- [What you have to do]:
Reproduce the listing that follows so that each line matches the original exactly.
== Segment start ==
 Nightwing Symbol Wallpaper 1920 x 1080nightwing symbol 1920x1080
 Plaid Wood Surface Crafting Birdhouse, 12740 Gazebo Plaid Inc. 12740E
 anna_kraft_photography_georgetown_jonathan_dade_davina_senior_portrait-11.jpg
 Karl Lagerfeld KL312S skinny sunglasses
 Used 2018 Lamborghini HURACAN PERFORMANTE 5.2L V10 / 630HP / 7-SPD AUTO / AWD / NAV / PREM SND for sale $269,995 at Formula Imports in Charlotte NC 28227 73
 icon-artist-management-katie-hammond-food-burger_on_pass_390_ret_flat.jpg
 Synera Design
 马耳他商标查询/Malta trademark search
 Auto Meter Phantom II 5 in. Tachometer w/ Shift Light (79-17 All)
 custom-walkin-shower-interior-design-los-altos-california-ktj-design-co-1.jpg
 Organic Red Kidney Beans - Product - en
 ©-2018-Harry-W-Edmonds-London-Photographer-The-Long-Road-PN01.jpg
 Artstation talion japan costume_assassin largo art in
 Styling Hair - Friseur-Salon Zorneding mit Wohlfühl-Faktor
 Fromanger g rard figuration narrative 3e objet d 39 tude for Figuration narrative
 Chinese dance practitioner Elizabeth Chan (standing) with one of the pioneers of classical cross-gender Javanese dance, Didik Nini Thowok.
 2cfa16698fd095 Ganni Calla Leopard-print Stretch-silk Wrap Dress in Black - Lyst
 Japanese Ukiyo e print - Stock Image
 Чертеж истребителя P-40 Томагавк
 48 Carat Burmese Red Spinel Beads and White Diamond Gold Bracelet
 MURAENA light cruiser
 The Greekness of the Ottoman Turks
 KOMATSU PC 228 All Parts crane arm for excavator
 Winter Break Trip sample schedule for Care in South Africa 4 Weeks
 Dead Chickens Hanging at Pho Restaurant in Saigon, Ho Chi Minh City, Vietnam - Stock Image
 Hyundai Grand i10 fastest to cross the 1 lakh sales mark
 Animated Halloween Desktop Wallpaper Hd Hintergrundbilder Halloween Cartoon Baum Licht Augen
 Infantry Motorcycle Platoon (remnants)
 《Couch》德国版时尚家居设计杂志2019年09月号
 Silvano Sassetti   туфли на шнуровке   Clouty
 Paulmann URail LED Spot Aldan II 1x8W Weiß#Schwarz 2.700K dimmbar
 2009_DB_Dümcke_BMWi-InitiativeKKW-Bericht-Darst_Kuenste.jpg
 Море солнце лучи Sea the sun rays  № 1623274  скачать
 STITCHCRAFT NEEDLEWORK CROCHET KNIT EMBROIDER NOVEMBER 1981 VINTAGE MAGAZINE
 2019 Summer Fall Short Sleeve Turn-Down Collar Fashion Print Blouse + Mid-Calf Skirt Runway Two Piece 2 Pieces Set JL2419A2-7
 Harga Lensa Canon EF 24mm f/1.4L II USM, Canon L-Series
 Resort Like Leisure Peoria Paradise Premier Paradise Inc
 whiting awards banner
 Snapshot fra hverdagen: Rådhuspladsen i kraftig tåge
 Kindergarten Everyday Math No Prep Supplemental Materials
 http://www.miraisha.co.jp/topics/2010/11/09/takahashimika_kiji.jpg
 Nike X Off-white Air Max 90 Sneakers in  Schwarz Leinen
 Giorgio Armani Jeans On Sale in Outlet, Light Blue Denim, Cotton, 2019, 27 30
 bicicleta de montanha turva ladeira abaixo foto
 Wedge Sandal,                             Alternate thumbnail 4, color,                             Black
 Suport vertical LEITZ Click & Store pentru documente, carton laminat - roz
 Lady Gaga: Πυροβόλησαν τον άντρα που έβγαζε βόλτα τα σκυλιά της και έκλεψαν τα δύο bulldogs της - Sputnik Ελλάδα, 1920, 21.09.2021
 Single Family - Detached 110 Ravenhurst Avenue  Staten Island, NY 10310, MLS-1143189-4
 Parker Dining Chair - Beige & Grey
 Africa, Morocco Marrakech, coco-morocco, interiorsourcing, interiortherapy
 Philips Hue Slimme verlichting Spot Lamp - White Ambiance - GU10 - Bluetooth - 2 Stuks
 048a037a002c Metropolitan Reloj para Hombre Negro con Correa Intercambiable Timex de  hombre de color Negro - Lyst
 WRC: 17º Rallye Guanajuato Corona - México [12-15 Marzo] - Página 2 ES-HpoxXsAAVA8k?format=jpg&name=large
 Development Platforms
== Segment end ==
- [Exercise output]:
 Nightwing Symbol Wallpaper 1920 x 1080nightwing symbol 1920x1080
 Plaid Wood Surface Crafting Birdhouse, 12740 Gazebo Plaid Inc. 12740E
 anna_kraft_photography_georgetown_jonathan_dade_davina_senior_portrait-11.jpg
 Karl Lagerfeld KL312S skinny sunglasses
 Used 2018 Lamborghini HURACAN PERFORMANTE 5.2L V10 / 630HP / 7-SPD AUTO / AWD / NAV / PREM SND for sale $269,995 at Formula Imports in Charlotte NC 28227 73
 icon-artist-management-katie-hammond-food-burger_on_pass_390_ret_flat.jpg
 Synera Design
 马耳他商标查询/Malta trademark search
 Auto Meter Phantom II 5 in. Tachometer w/ Shift Light (79-17 All)
 custom-walkin-shower-interior-design-los-altos-california-ktj-design-co-1.jpg
 Organic Red Kidney Beans - Product - en
 ©-2018-Harry-W-Edmonds-London-Photographer-The-Long-Road-PN01.jpg
 Artstation talion japan costume_assassin largo art in
 Styling Hair - Friseur-Salon Zorneding mit Wohlfühl-Faktor
 Fromanger g rard figuration narrative 3e objet d 39 tude for Figuration narrative
 Chinese dance practitioner Elizabeth Chan (standing) with one of the pioneers of classical cross-gender Javanese dance, Didik Nini Thowok.
 2cfa16698fd095 Ganni Calla Leopard-print Stretch-silk Wrap Dress in Black - Lyst
 Japanese Ukiyo e print - Stock Image
 Чертеж истребителя P-40 Томагавк
 48 Carat Burmese Red Spinel Beads and White Diamond Gold Bracelet
 MURAENA light cruiser
 The Greekness of the Ottoman Turks
 KOMATSU PC 228 All Parts crane arm for excavator
 Winter Break Trip sample schedule for Care in South Africa 4 Weeks
 Dead Chickens Hanging at Pho Restaurant in Saigon, Ho Chi Minh City, Vietnam - Stock Image
 Hyundai Grand i10 fastest to cross the 1 lakh sales mark
 Animated Halloween Desktop Wallpaper Hd Hintergrundbilder Halloween Cartoon Baum Licht Augen
 Infantry Motorcycle Platoon (remnants)
 《Couch》德国版时尚家居设计杂志2019年09月号
 Silvano Sassetti   туфли на шнуровке   Clouty
 Paulmann URail LED Spot Aldan II 1x8W Weiß#Schwarz 2.700K dimmbar
 2009_DB_Dümcke_BMWi-InitiativeKKW-Bericht-Darst_Kuenste.jpg
 Море солнце лучи Sea the sun rays  № 1623274  скачать
 STITCHCRAFT NEEDLEWORK CROCHET KNIT EMBROIDER NOVEMBER 1981 VINTAGE MAGAZINE
 2019 Summer Fall Short Sleeve Turn-Down Collar Fashion Print Blouse + Mid-Calf Skirt Runway Two Piece 2 Pieces Set JL2419A2-7
 Harga Lensa Canon EF 24mm f/1.4L II USM, Canon L-Series
 Resort Like Leisure Peoria Paradise Premier Paradise Inc
 whiting awards banner
 Snapshot fra hverdagen: Rådhuspladsen i kraftig tåge
 Kindergarten Everyday Math No Prep Supplemental Materials
 http://www.miraisha.co.jp/topics/2010/11/09/takahashimika_kiji.jpg
 Nike X Off-white Air Max 90 Sneakers in  Schwarz Leinen
 Giorgio Armani Jeans On Sale in Outlet, Light Blue Denim, Cotton, 2019, 27 30
 bicicleta de montanha turva ladeira abaixo foto
 Wedge Sandal,                             Alternate thumbnail 4, color,                             Black
 Suport vertical LEITZ Click & Store pentru documente, carton laminat - roz
 Lady Gaga: Πυροβόλησαν τον άντρα που έβγαζε βόλτα τα σκυλιά της και έκλεψαν τα δύο bulldogs της - Sputnik Ελλάδα, 1920, 21.09.2021
 Single Family - Detached 110 Ravenhurst Avenue  Staten Island, NY 10310, MLS-1143189-4
 Parker Dining Chair - Beige & Grey
 Africa, Morocco Marrakech, coco-morocco, interiorsourcing, interiortherapy
 Philips Hue Slimme verlichting Spot Lamp - White Ambiance - GU10 - Bluetooth - 2 Stuks
 048a037a002c Metropolitan Reloj para Hombre Negro con Correa Intercambiable Timex de  hombre de color Negro - Lyst
 WRC: 17º Rallye Guanajuato Corona - México [12-15 Marzo] - Página 2 ES-HpoxXsAAVA8k?format=jpg&name=large
 Development Platforms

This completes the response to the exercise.